Over the last week, I have been exploring the idea that in each moment of our life we can choose peace over violence if we so wish to do so. And yes, it is a conscious choice requiring conscious action. It also means having to graciously bow out of the drama of the mind, again and again, and again.

Our ability to choose peace in each moment applies to not only to our yoga asana (postures) made on the mat but also to the mind’s workings.

After all, yoga is a mind science above anything else.

Breaking free from the mind

When exploring how we might breakfree from the mind, I think it is important to first understand the mind from a yogic perspective. 

The great yogic sage Patanjali, who is said to be responsible for penning the raja-yoga (eight-limbed) method to attaining enlightenment (also known as Yoga), describes in his Yoga Sutras the goal of the practice as being: “Yoga chitta vritti nirodhah”. This translates to “the restaint of the modifications of the mind-stuff is Yoga.”

In understanding this further, you might like to imagine ripples on a lake. Your mind or consciousness (chitta) is the lake, the ripples on the lake are the vrittis “mind stuff”. The vrittis are what turn our mind and keep us in the mode of what Thich Nhat Hanh calls, “radio non-stop-thinking”.

These are the ripples, or in some cases waves, we must ride on our way back home to our Higher or Divine Self. Thus, the process of coming home is a remembering of that calm, peaceful lake within.

Lake image with thanks to Casey Thiebeau

Lake image with thanks to Casey Thiebeau

According to Patanjali there are five main types of vrittis, “mind-stuff” or mind modififcations. They are: Correct knowledge (pramana), Incorrect knowledge (viparyaya), Imagination or fantasy (vikalpa), Sleep (nidra) and Memory (smrti)

And while these vrittis can be used for good and also to faciliate our journey as humans living in the world, actually they mostly cause us great suffering. 

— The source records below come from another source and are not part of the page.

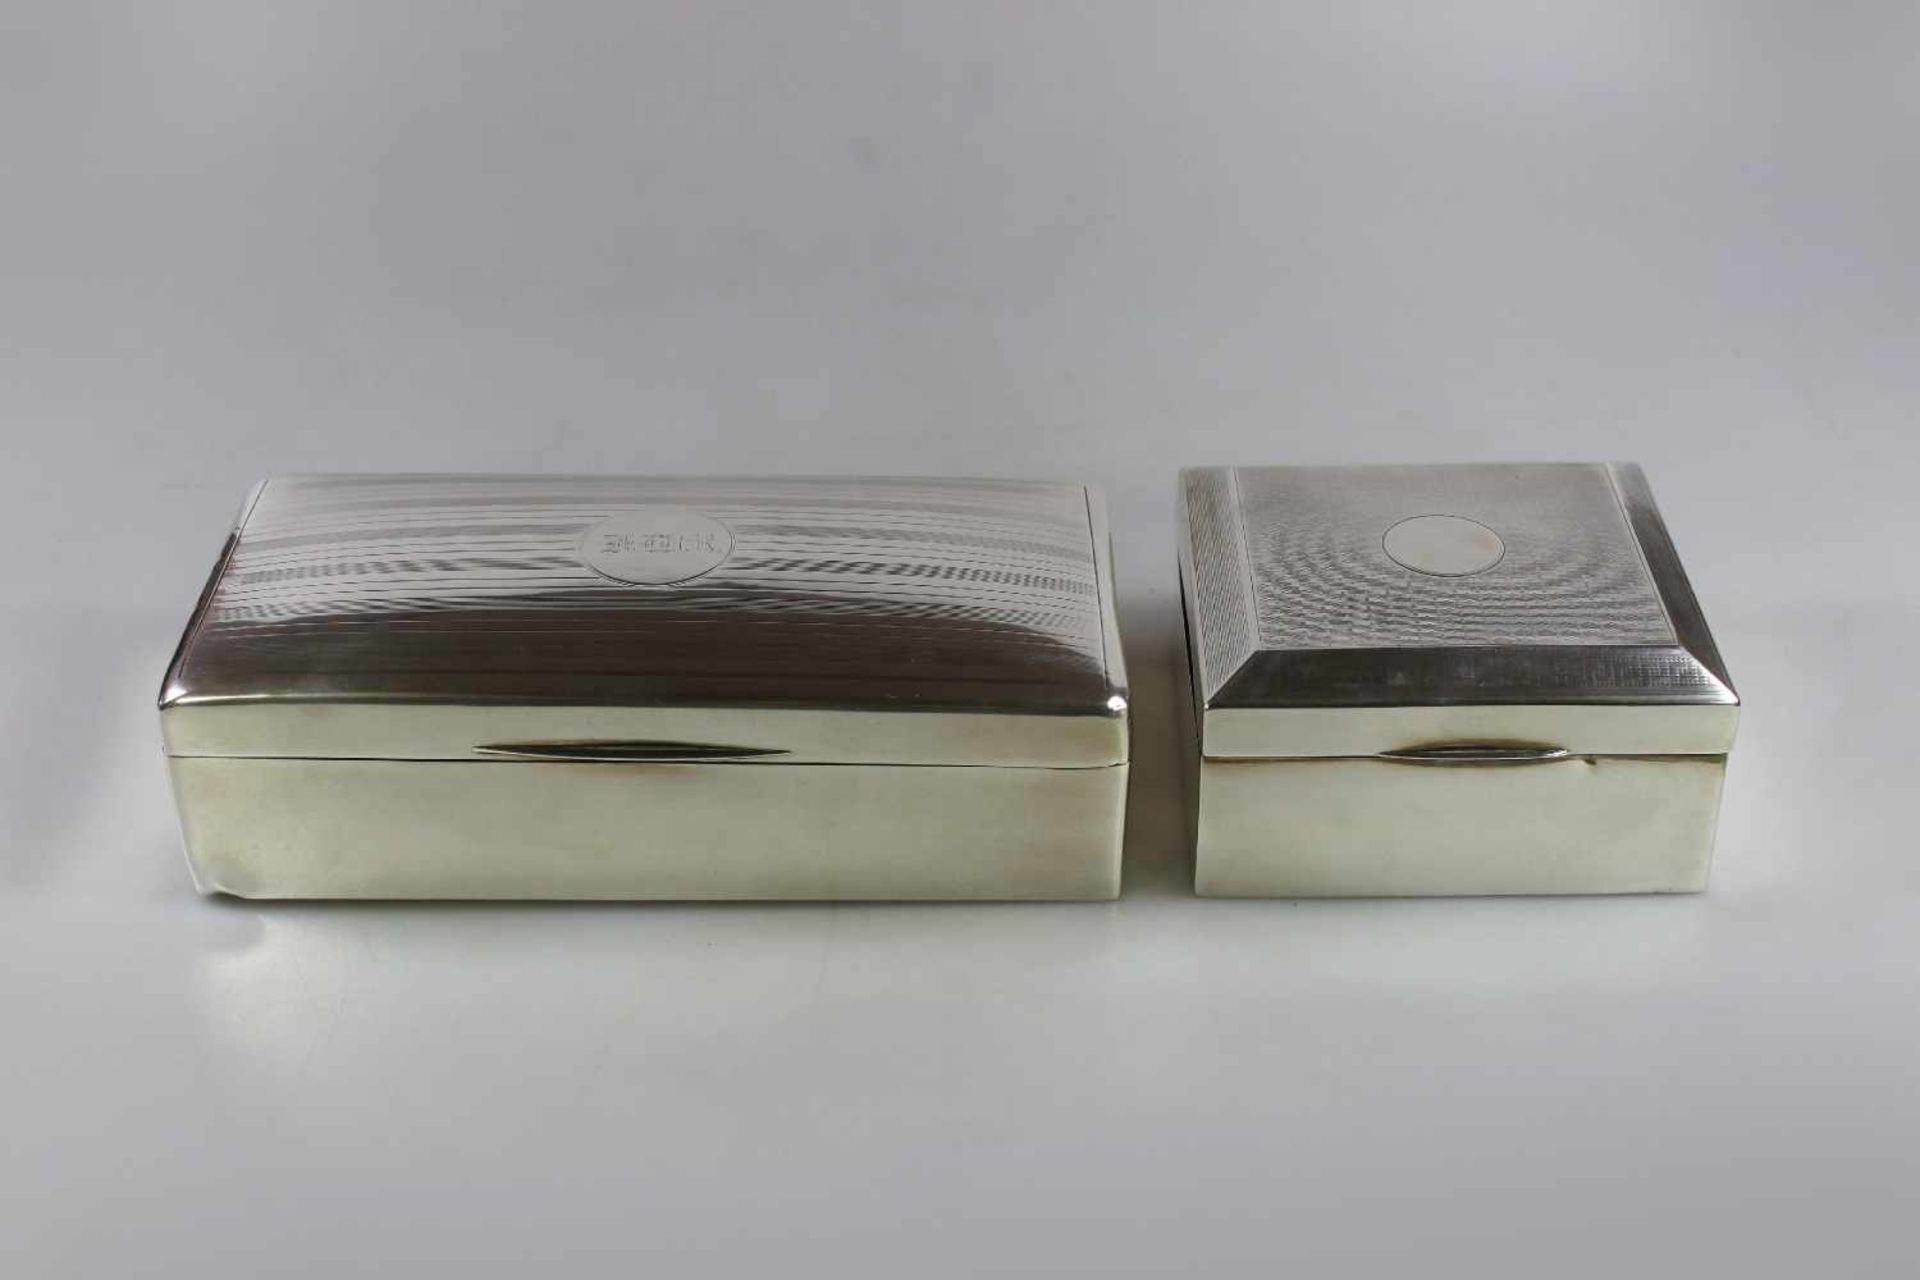 Paar Zigarettendosen, Silber punziert mit Holzkern, Boden beschwert, England Mitte 20. Jh., Maße: 18
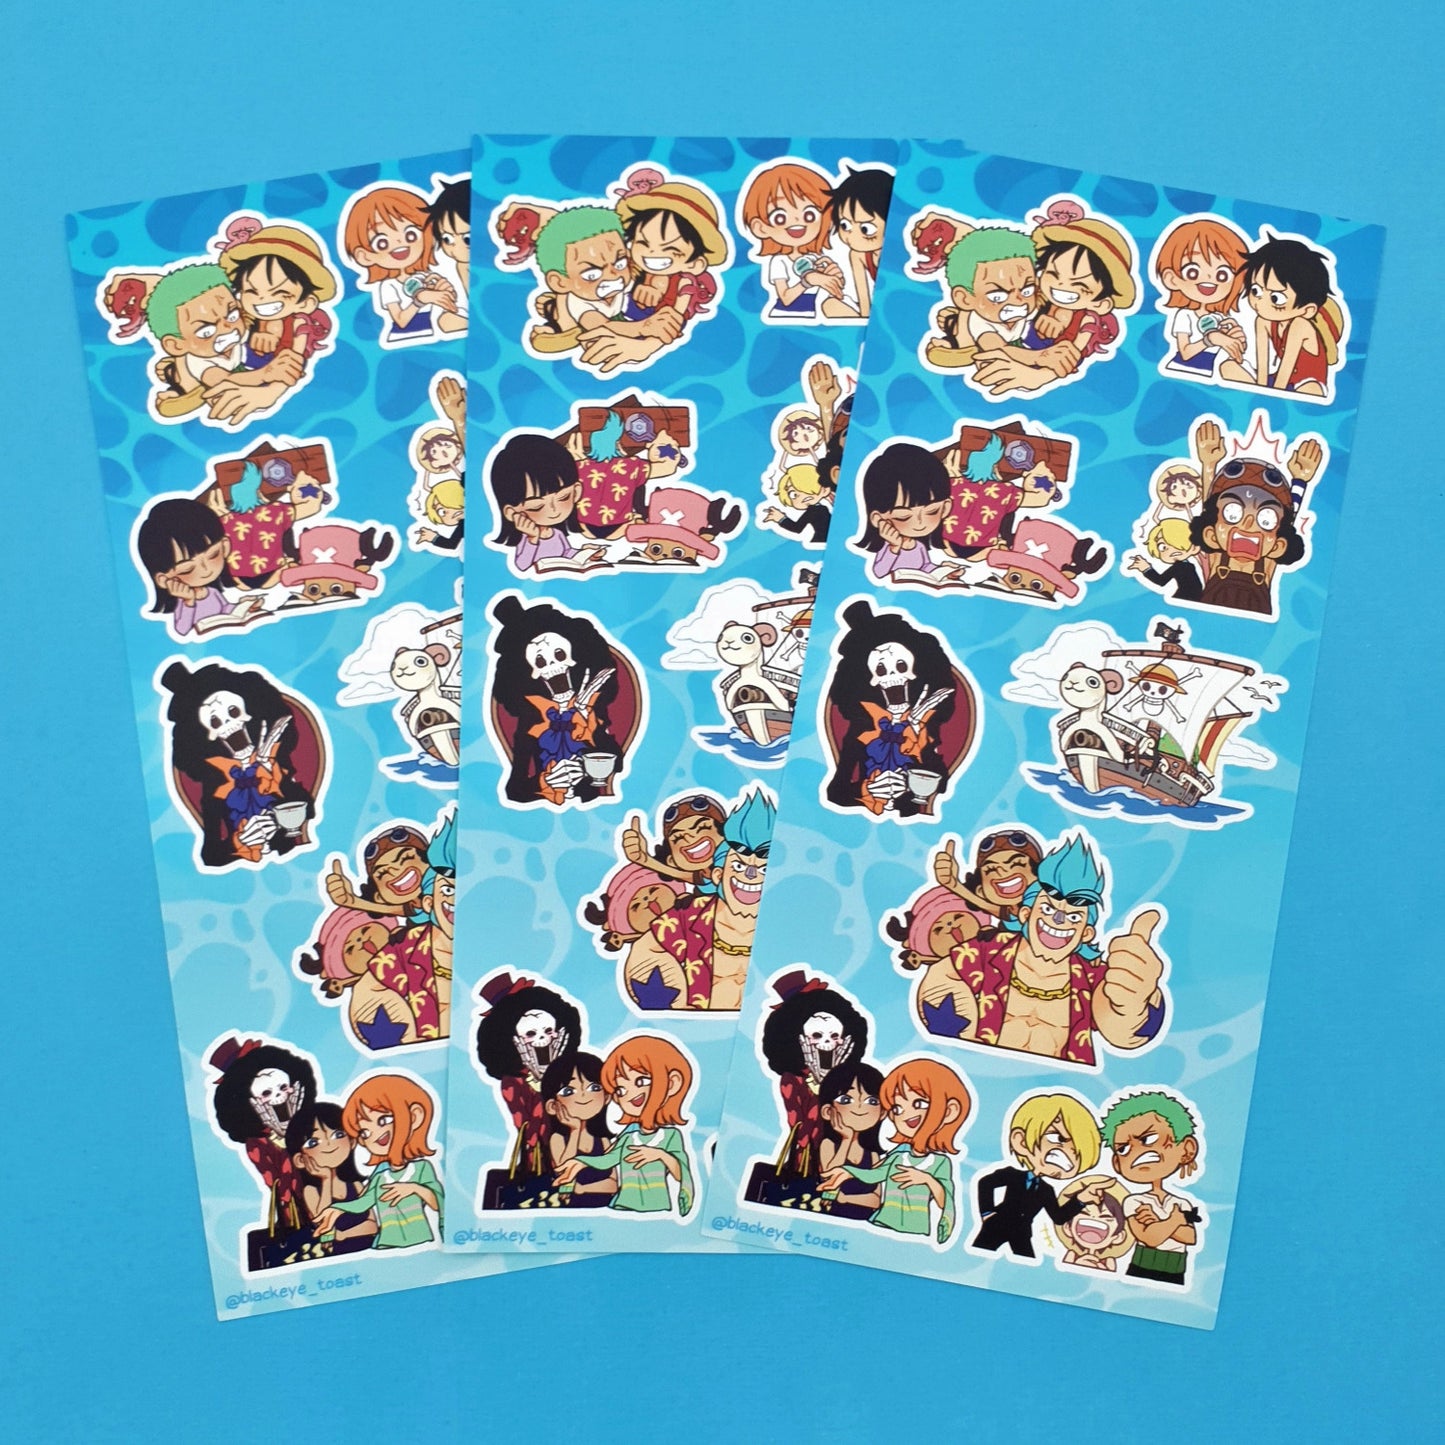 One Piece Stickers
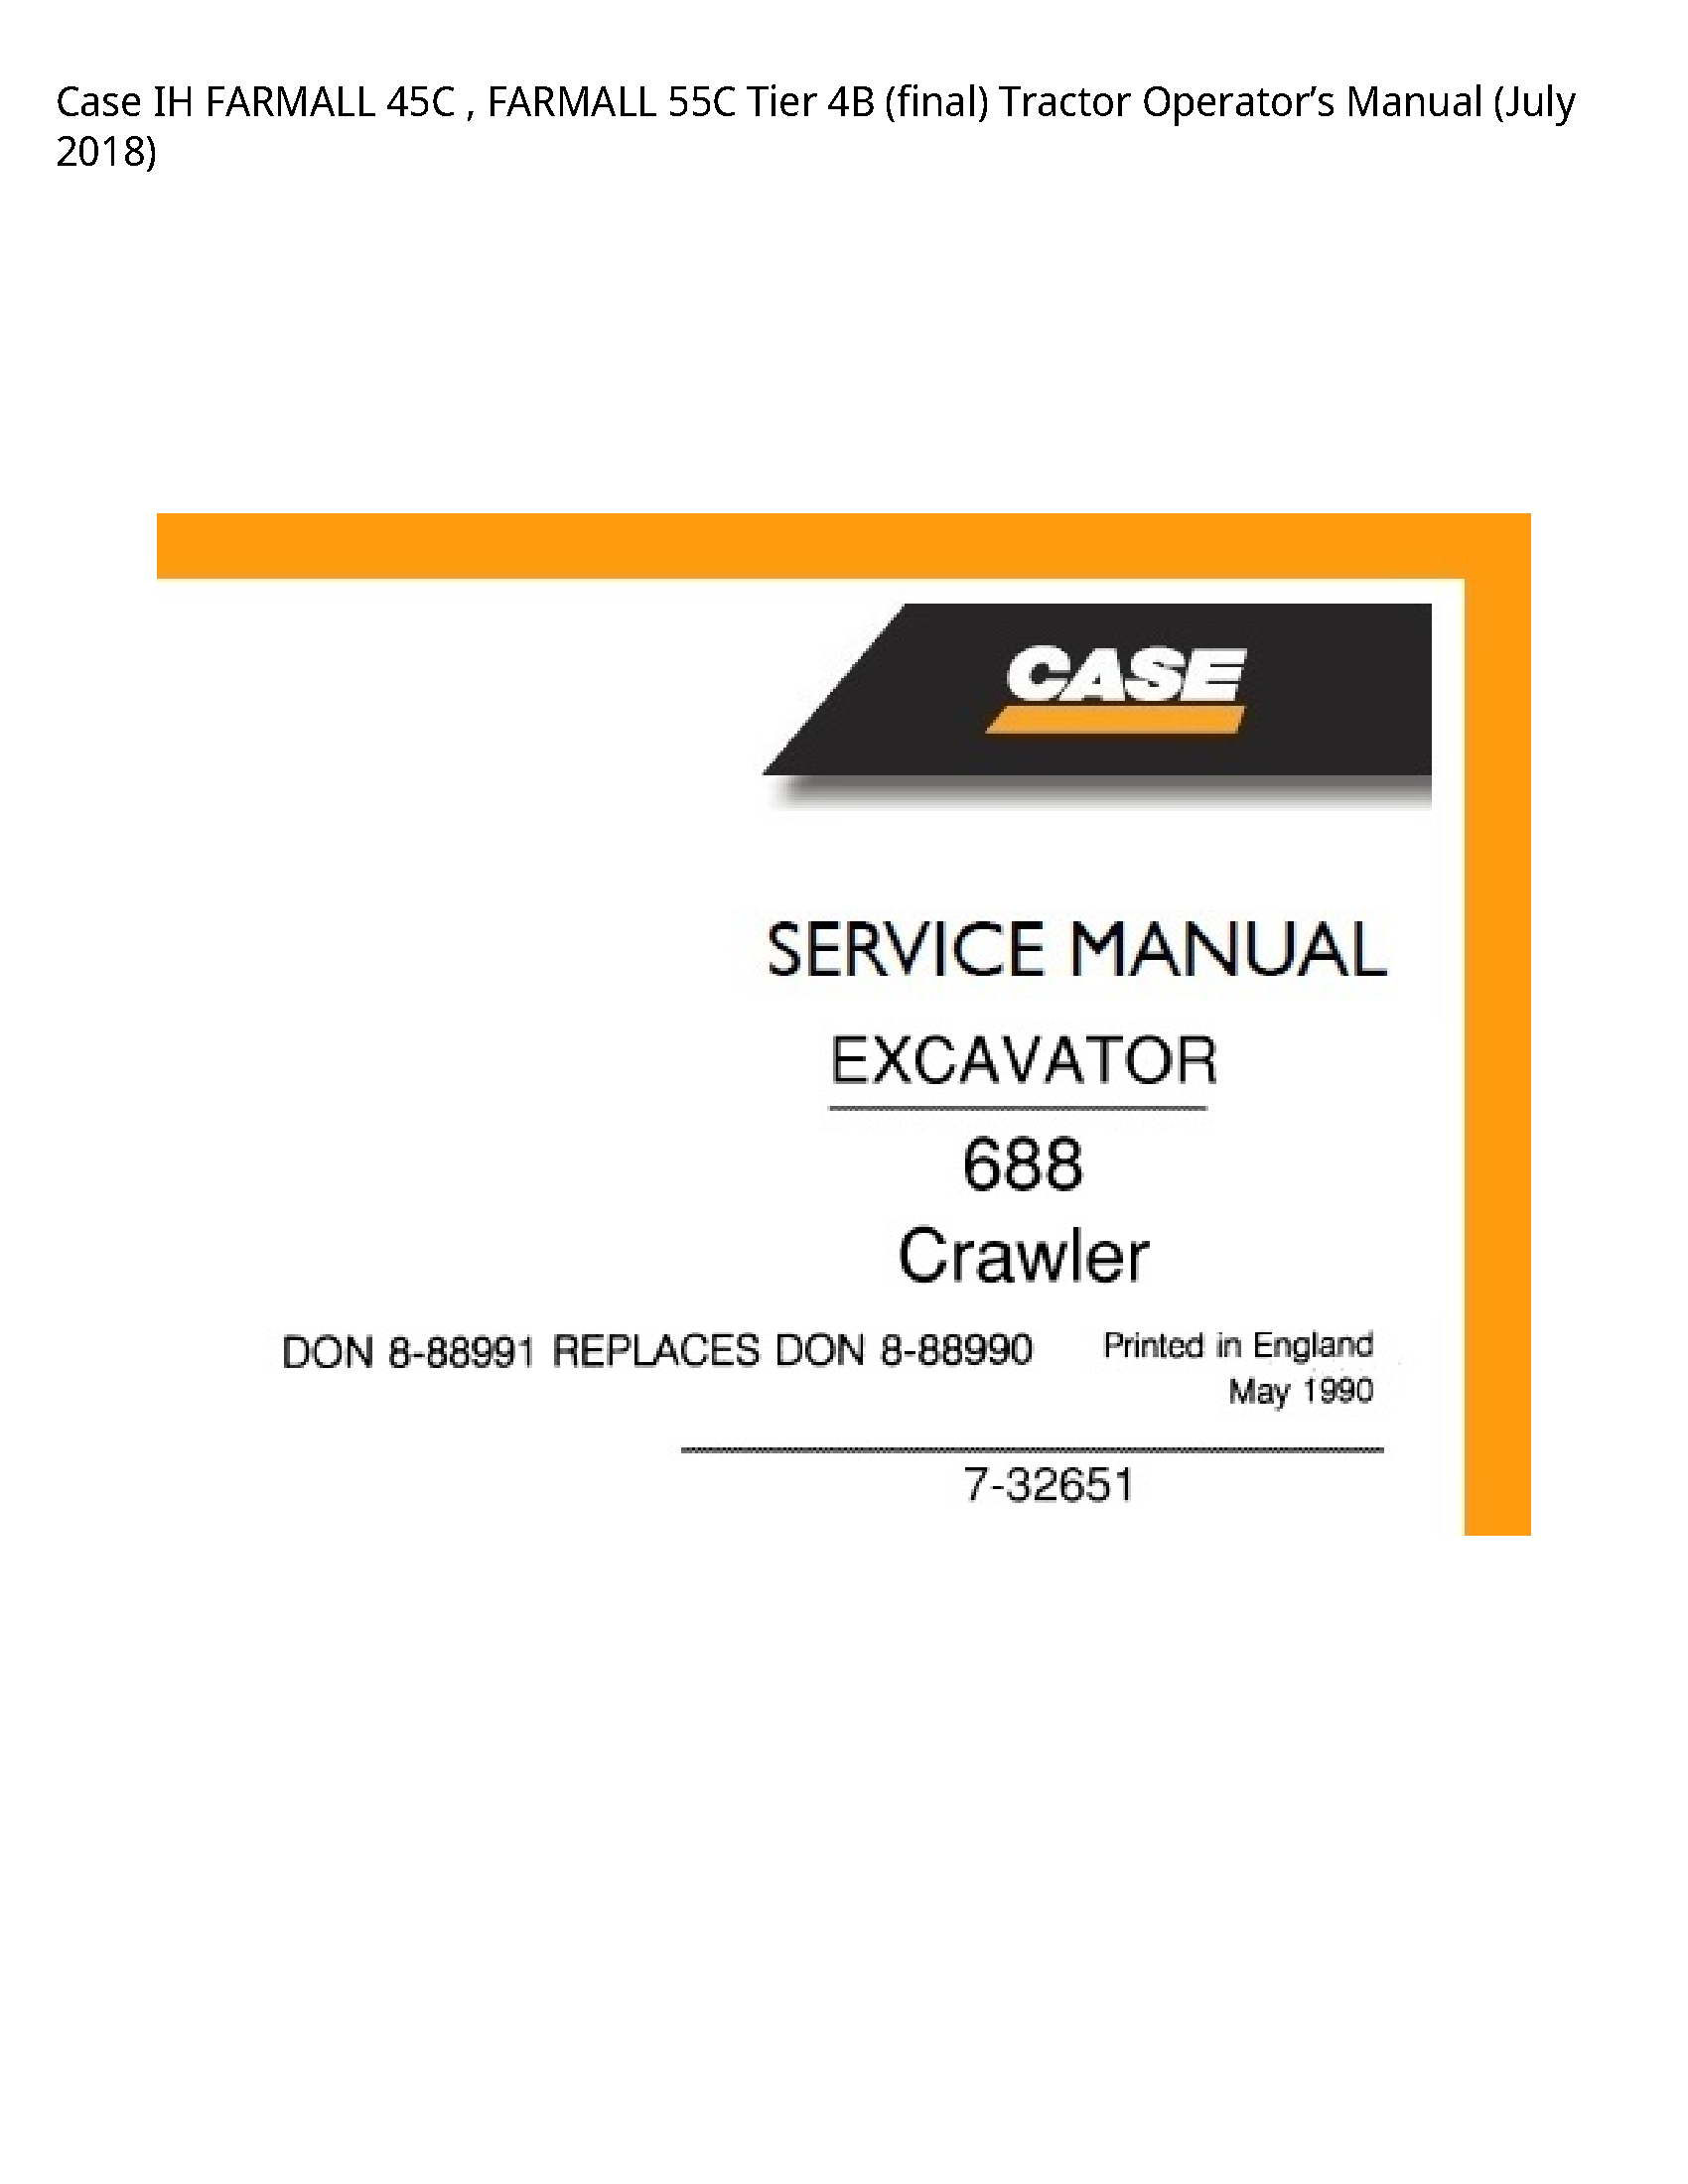 Case/Case IH 45C IH FARMALL FARMALL Tier (final) Tractor Operator’s manual

Consider just our human tendency to judge a person or situation without first having all of the information, or how a memory can invoke a negative emotion in the body and then initiate a related negative thought, or how we’re constantly making up ideas around what will happen in the future.

I’ve found that by being aware that these vrittis are usually most always turning over in the mind, both during your practice and in your life, you can actually increase your ability to quell them.  In fact, Michael Singer says: “There is nothing more important to true growth than realising that you are not the voice of the mind - you are the one who hears it.”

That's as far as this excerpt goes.